The reform wants to “ensure that simply reciting generic technical language or generic functional language does not salvage an otherwise ineligible claim.” However, it is not clear what constitutes generic technical or generic functional language. Similar subjective guidance is currently responsible for disparities in examination at the USPTO, and is also a source of much disagreement between patent owners and patent challengers, so Congress would need to define the metes and bounds of the term “generic” to bring clarity to such a statutory change. Likewise, the reform proposes creating “a ‘practical application’ test to ensure that the statutorily ineligible subject matter is construed narrowly.” A “practical application” test is also part of the recent eligibility guidance from the USPTO. Yet, it is unclear what such a “practical application test” would look like if codified, as this element is still fairly subjective in the current USPTO guidance. Given that the patent laws must anticipate innovations in technologies that may not even exist today, it is important for Congress to balance specificity with an openness such that innovation in new areas is not hindered by patent laws developed to constrain application to older technology.

  1. The reform aims to codify certain subject matter exceptions, although room for subjectivity remains.

This third takeaway provides both risk and opportunity to stakeholders, especially patent owners and patentees. The reform proposes to “statutorily abrogate judicially created exceptions to patent eligible subject matter in favor of exclusive statutory categories of ineligible subject matter.” On the one hand, narrowly-defined categories may benefit some stakeholders by clarifying what kind of innovation is eligible, such that stakeholders can appropriate resources accordingly.
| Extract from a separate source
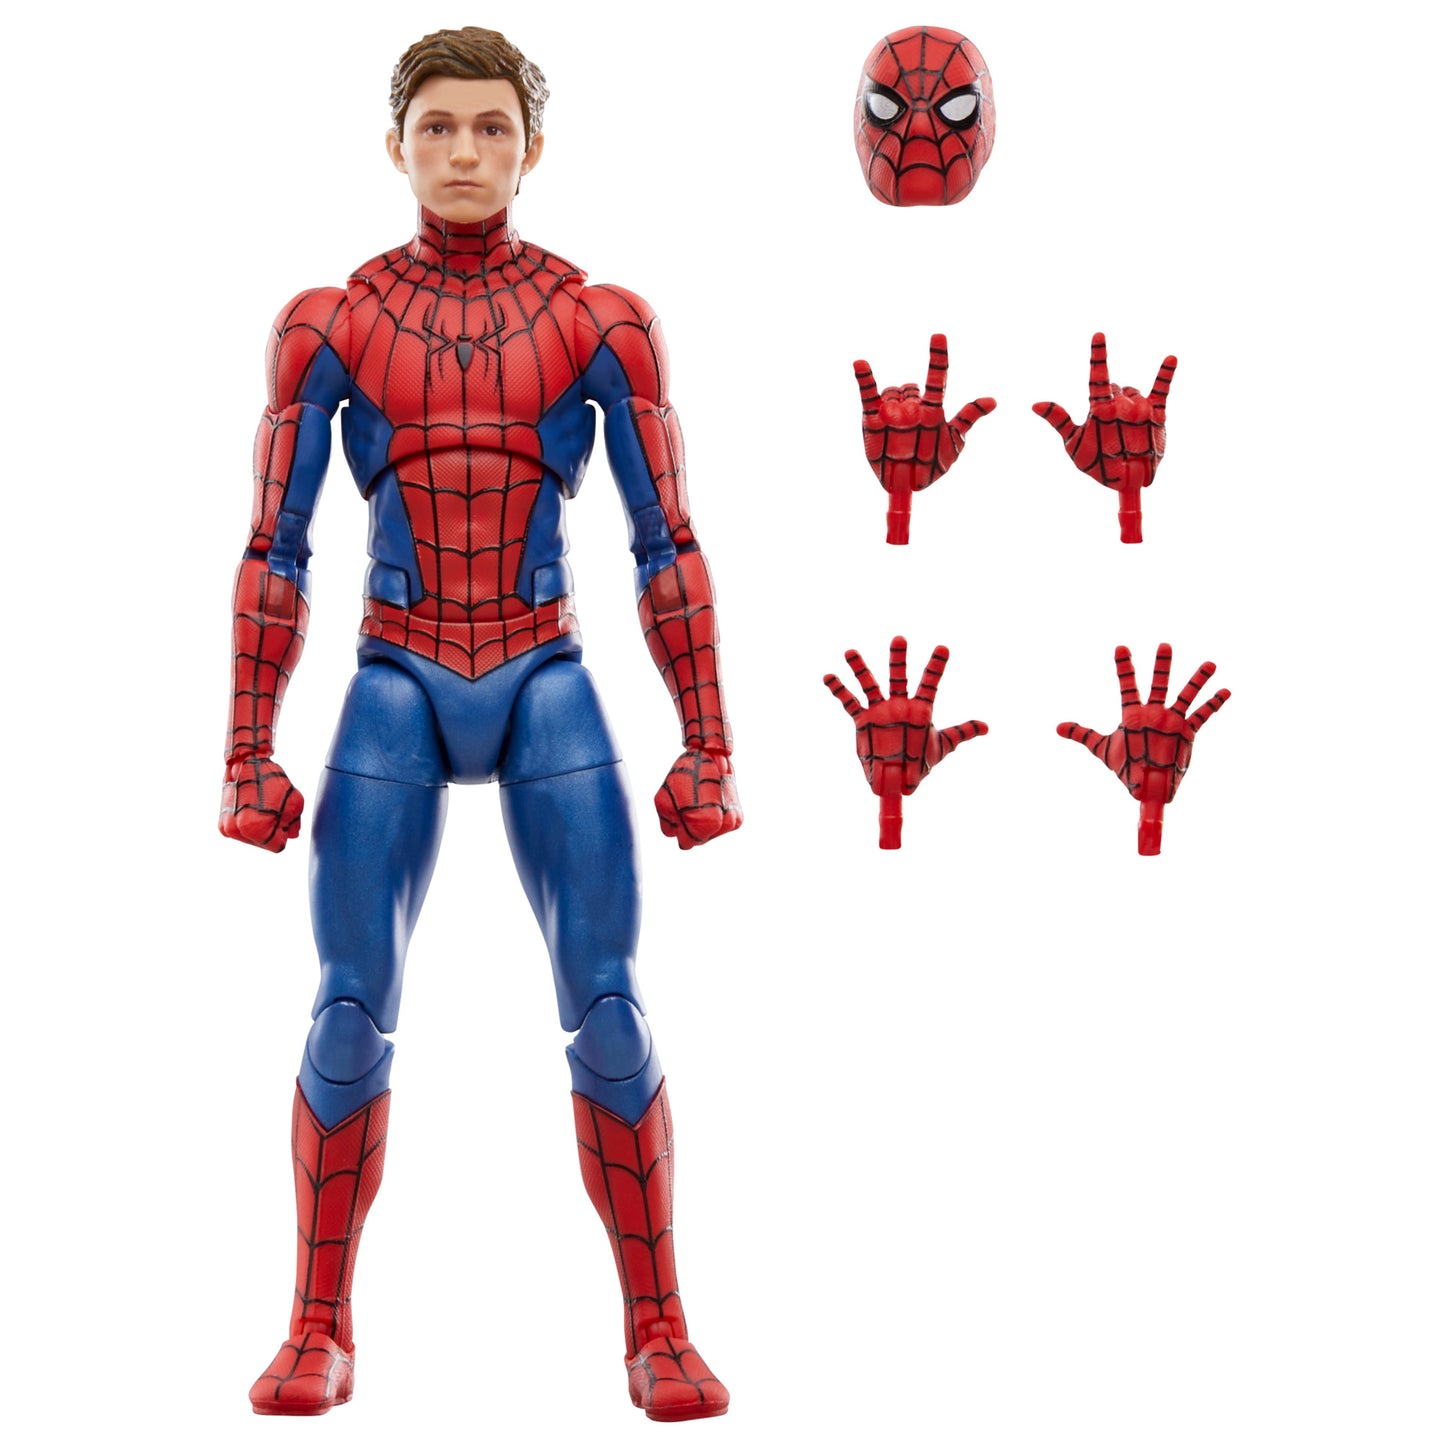 Marvel Legends Series Spider-Man, 6 Marvel Legends Action Figure
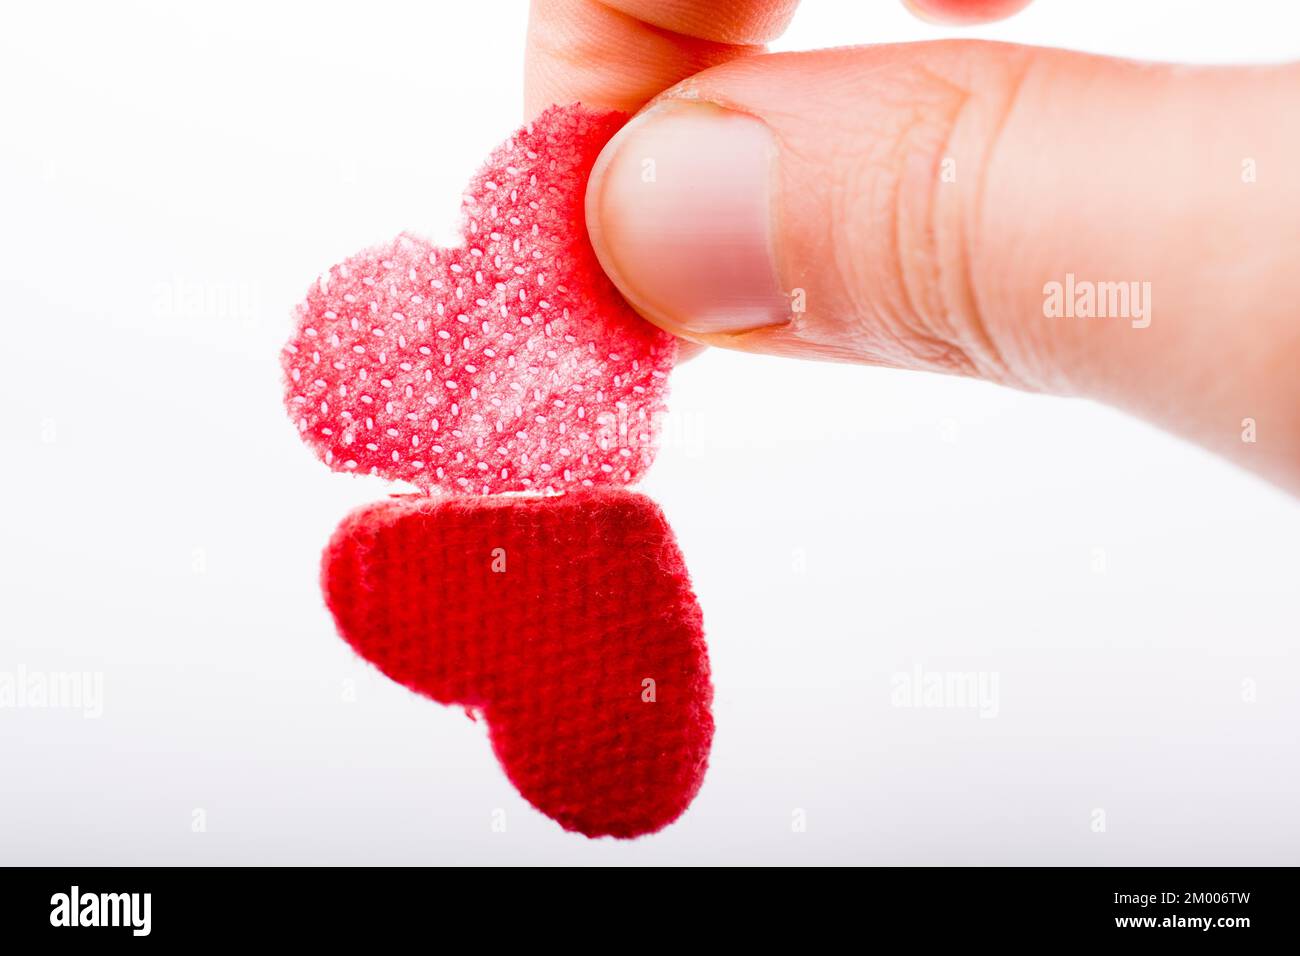 Herzförmige Objekt in der Hand auf Leinwand Stockfoto

On the other hand, while the framework proposes to eliminate the existing, often subjective judicially-created eligibility exceptions , the proposed exclusive statutory categories are equally vague and subjective. For example, the categories proposed by the reform include: fundamental scientific principles, products that exist solely and exclusively in nature, pure mathematical formulas, economic or commercial principles, and mental activities. But at what point does a scientific development become a “principle,” and at what point does such a “principle” become “fundamental?” Similarly, the reform proposes making “economic or commercial principles” a statutory exception to eligibility. Without further insight from Congress, it is unclear whether a claim that recites financial subject matter, or which can be practically applied to the financial services industry, would constitute an economic or commercial principle. Congress should recognize the confusion that similar language has caused in the battle over Covered Business Method Review (CBM) eligibility and ensure that any statutory exclusion more clearly defines the bounds of the exclusion.

Accordingly, Congress should take caution not to codify the current ambiguity – or worse, introduce new ambiguity – with its efforts to define subject matter exclusions more clearly. For reference, the USPTO has issued an interim guidance on subject matter eligibility in 2014, and has subsequently issued more than six revisions/updates since then, all attempting to make sense of the present categories of statutory subject matter as explained by the courts. If Congress codifies the categories of ineligible subject matter at an ambiguous level, this gives leave to the courts to revert back to square one and redefine a potentially different version of the “judicial exceptions.” Moreover, the current political climate and challenging environment for getting legislation passed would make it very difficult for Congress to make revisions and amendments to such laws when necessary, so great care is needed if Congress is to get it right the first time.

As the saying goes, the devil is in the details, and how Congress implements the goals outlined by the framework is sure to shape the dialog going forward. But the time is right for Congress to identify the hurdles presented by the current subject matter eligibility standard and should be applauded for outlining its efforts to improve clarity and predictability in our patent system.